A baroque flautiste and viol player, graduated from the Conservatory of Toulouse and the Conservatoire de Paris, he participated in the revival of the composer Joseph Bodin de Boismortier thanks to a close collaboration with Hervé Niquet, which led to a performance at the Opéra Comique of Don Quichotte chez La Duchesse, from a libretto by Favart. He devoted two recordings to Boismortier as well as a monograph, the first one about this composer, in 2002 (Prix des Muses).

== Principal publications ==
- 2001: Joseph Bodin de Boismortier (1689–1755), un musicien lorrain-catalan à la cour des Lumières, Les Presses du Languedoc, Montpellier, 240 p.
- 2004: "Hyacinthe Rigaud (1659-1743), le peintre des rois" (2004)
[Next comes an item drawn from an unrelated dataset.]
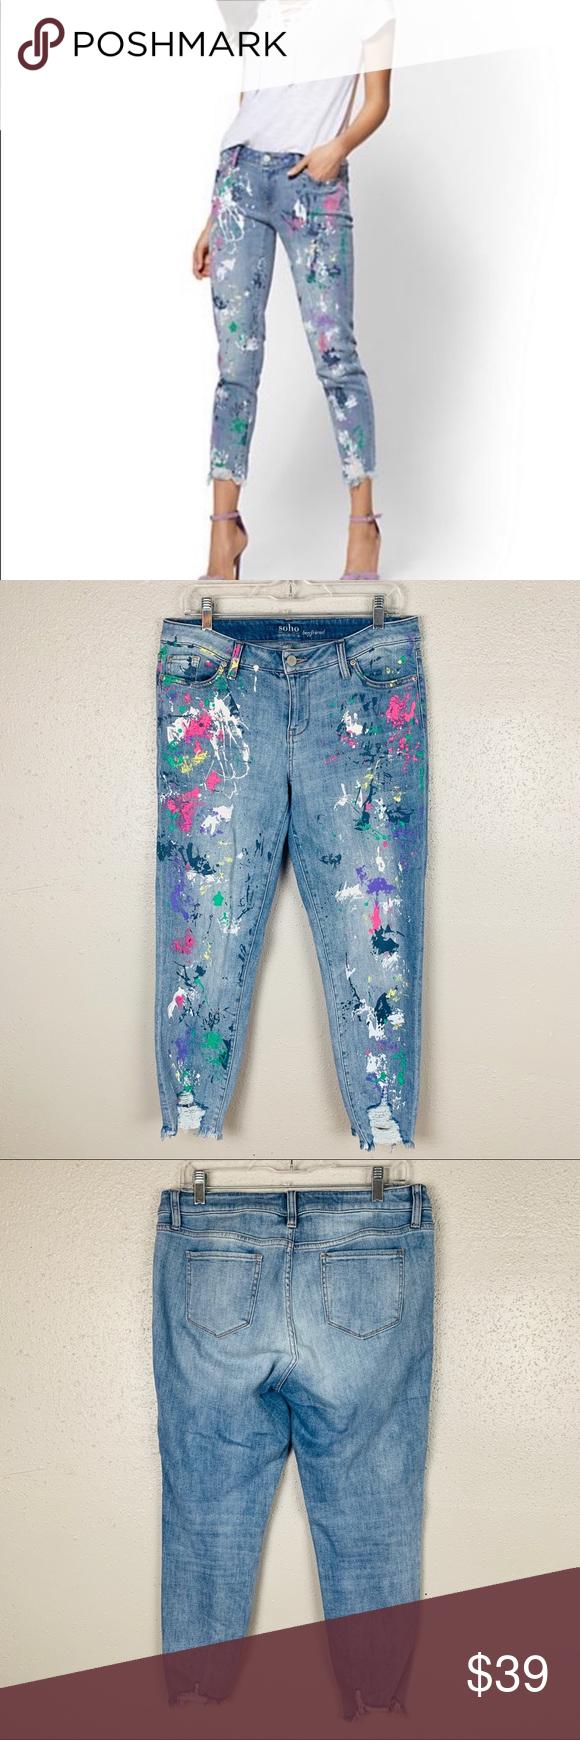 Pilcro Mid-Rise Paint Splattered Slim Boyfriend Jeans

- 2007: Jan Dismas Zelenka (1679–1745), Bleu Nuit éditeur, Paris, 176 p.
- 2011: Alphonse Hippolyte Joseph Leveau, un représentant de l'académisme bourgeois, "Les Cahiers d'Histoire de l'art", n°9, Voulangis, (p. 77-87).
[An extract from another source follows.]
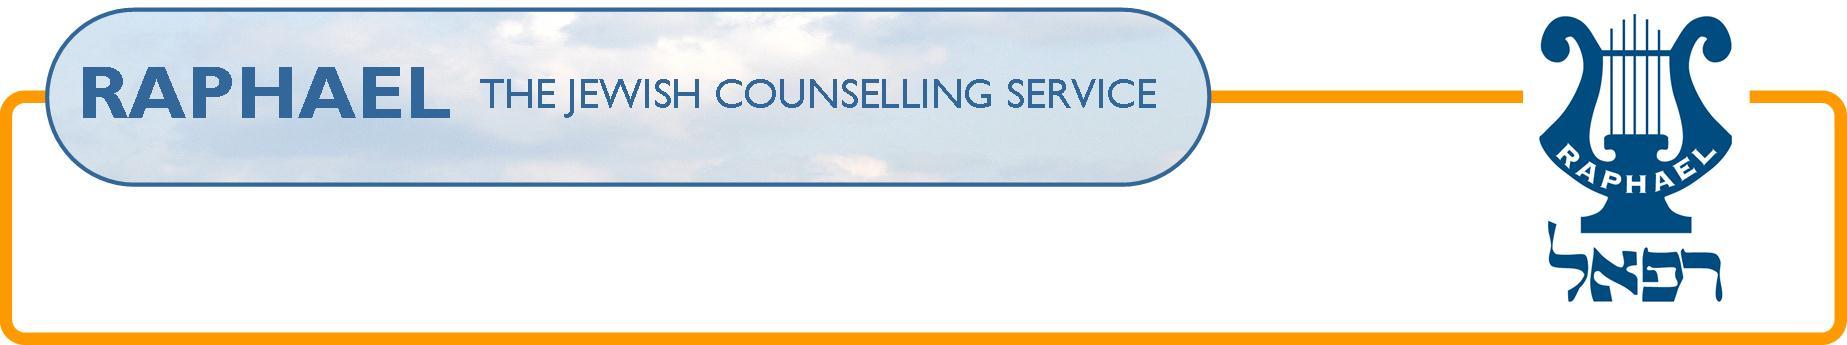 Raphael Jewish Counselling Service

- 2011: Un portrait de Claude Deshaies-Gendron au musée de Chantilly, "Bulletin des Amis du musée Condé"", n° 68. October, (p. 50-55).
- 2012: Les années parisiennes de Jean Ranc, "L'Estampille-l'Objet d'art", n°475, January, (p. 38-47).
- 2013: "Hyacinthe Rigaud (1659–1743), catalogue concis d'œuvre" (2013)

Stéphan Perreau is preparing publication of a catalog of the work of Jean Ranc.

== Discography ==
- Joseph Bodin de Boismortier: sonates à deux flûtes sans basse. Arion, ref. ARN63758.
- Pierre Danican Philidor: trois trios pour Hyacinthe Rigaud, Pierre Vérany, ref. PV700036.
- Joseph Bodin de Boismortier: variations en mineur pour flûte traversière seule. Pierre Vérany, ref. PV702111.